Blood tests are routine in the treatment of chronic myeloid leukemia. Hear how one patient learned how to follow her treatment progress by studying her complicated lab tests.

Medically Reviewed On: June 16, 2008

Webcast Transcript


HARMONY: It was a whole new vocabulary for me, from high school biology, you know, "There are white cells, there are red cells." That's kind of where I started with it. And then, as with any new adventure, which this has turned out to be, there's a vocabulary that's gained over time and an understanding of how things work together.

ANNOUNCER: Harmony George Jaursch's learning curve started just as the winter rains of Portland, Oregon, were clearing for spring.

HARMONY: It was May of 2000, and I noticed a lump in my abdomen. And at that time, I had kind of a stomachache that day and I thought, "Oh, you know, something's up with that," and I waited two or three days and went to the doc.

MICHAEL MAURO, MD: Well, once they recognized that her spleen was enlarged, she did have some standard blood work done, and her white blood cell count was very elevated. At presentation it was about 175,000, and normal is about 5,000 to 10,000. As well, her platelet count was measured and was also elevated. Not terribly high, but, I believe, in the 600,000 to 700,000 range. So she had many of the classic presenting signs and symptoms for CML.

HARMONY: Well, pretty panicked. I had at that time my boys, our twin boys, were two and a half. And the median life expectancy with CML at that time was six years. So that was pretty tough stuff to deal with.
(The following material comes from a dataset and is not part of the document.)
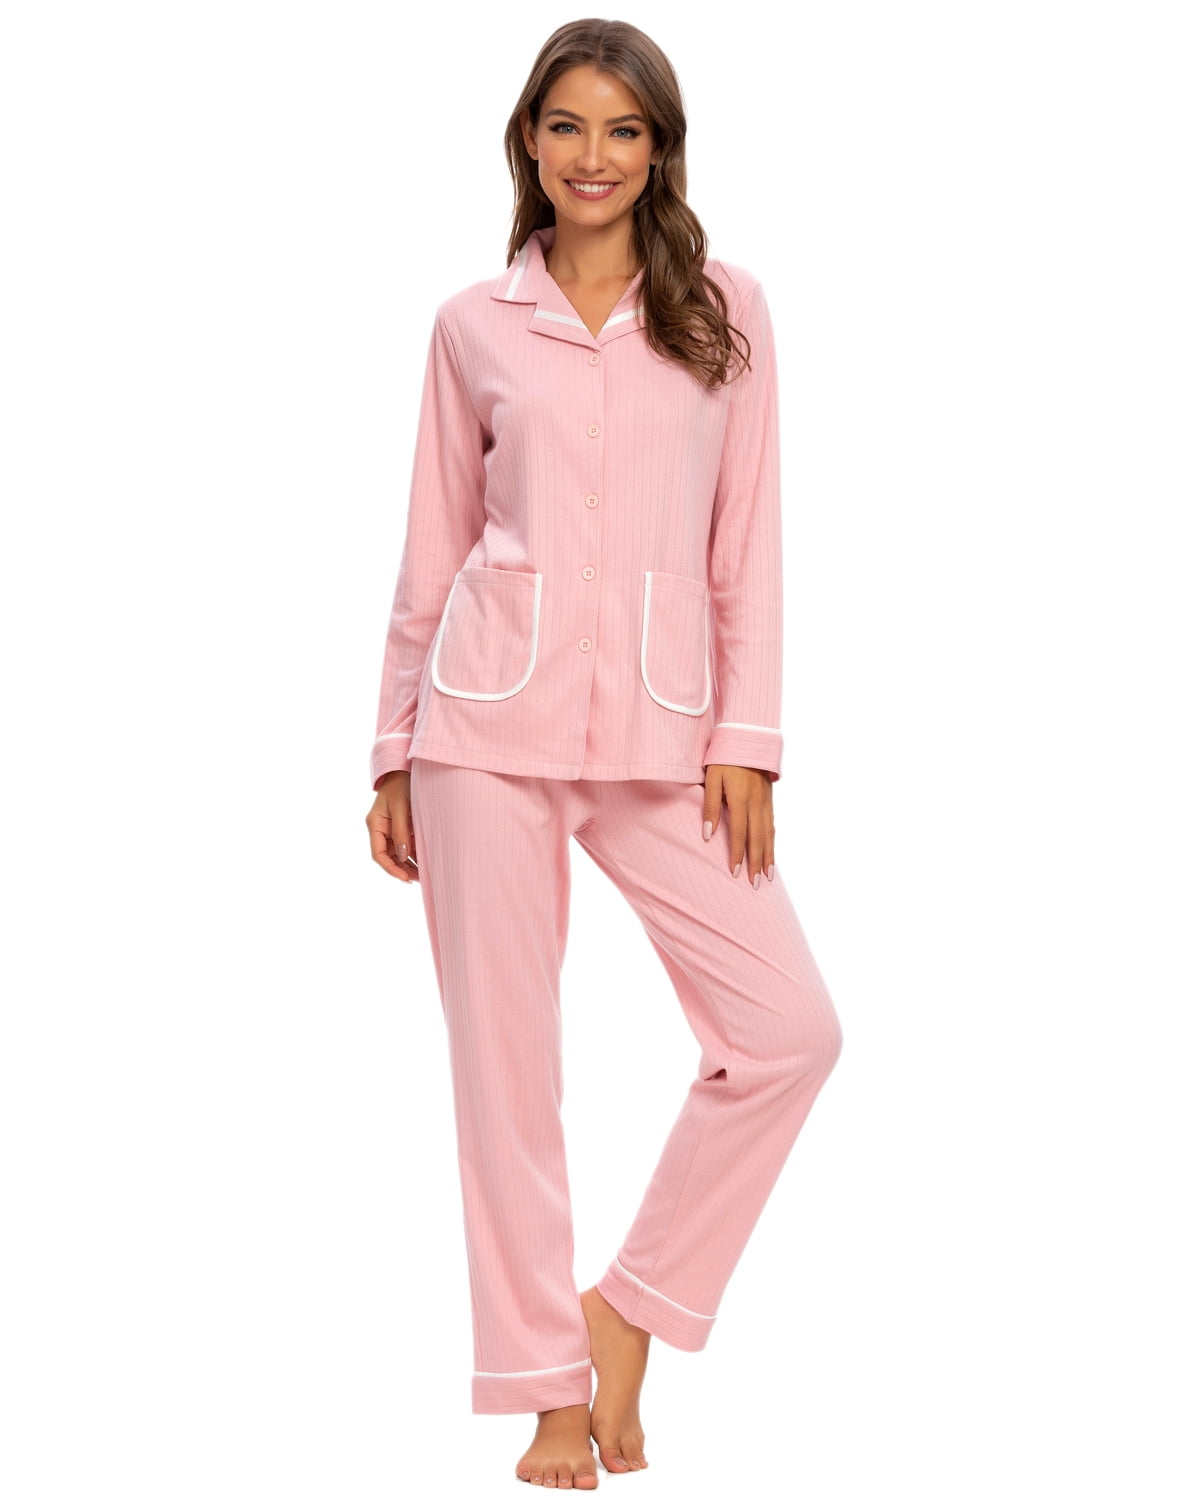 MintLimit Women's Pajamas Set Long Sleeve Cotton Sleepwear Button Down ...

And there was a brief moment of "Why me?" and then a long time of, "What next?" "What to do now?"

ANNOUNCER: Harmony was young enough when diagnosed with CML, or chronic myeloid leukemia, that she and her doctors could consider the only "cure" for the disease: a bone marrow transplant.

But then a donor fell through, and Harmony re-evaluated her options, for transplants are risky.

HARMONY: I discovered through, actually through the Internet, that there were some trials being done here on a really promising treatment for exactly what I had, and the doctor that I'd been talking to about the bone marrow transplant was familiar with those trials.

ANNOUNCER: The drug was Gleevec, known then as STI-571. Harmony joined the study and, by the luck of the draw, was placed on Gleevec rather than on the traditional treatments of interferon and ARA-C.

MICHAEL MAURO, MD: And within a few weeks' time she saw normalization of her blood counts, which is right on target. And that was the first good sign.

HARMONY: When my results came back and it was within a month that my disease was beating a very hasty retreat, it was a tremendous relief to me.

ANNOUNCER: Those first tests were important, but other therapies usually accomplish the same thing: a normalization of blood counts.

A more significant finding would come with tests that checked for signs of the abnormal Philadelphia chromosome. That took more time.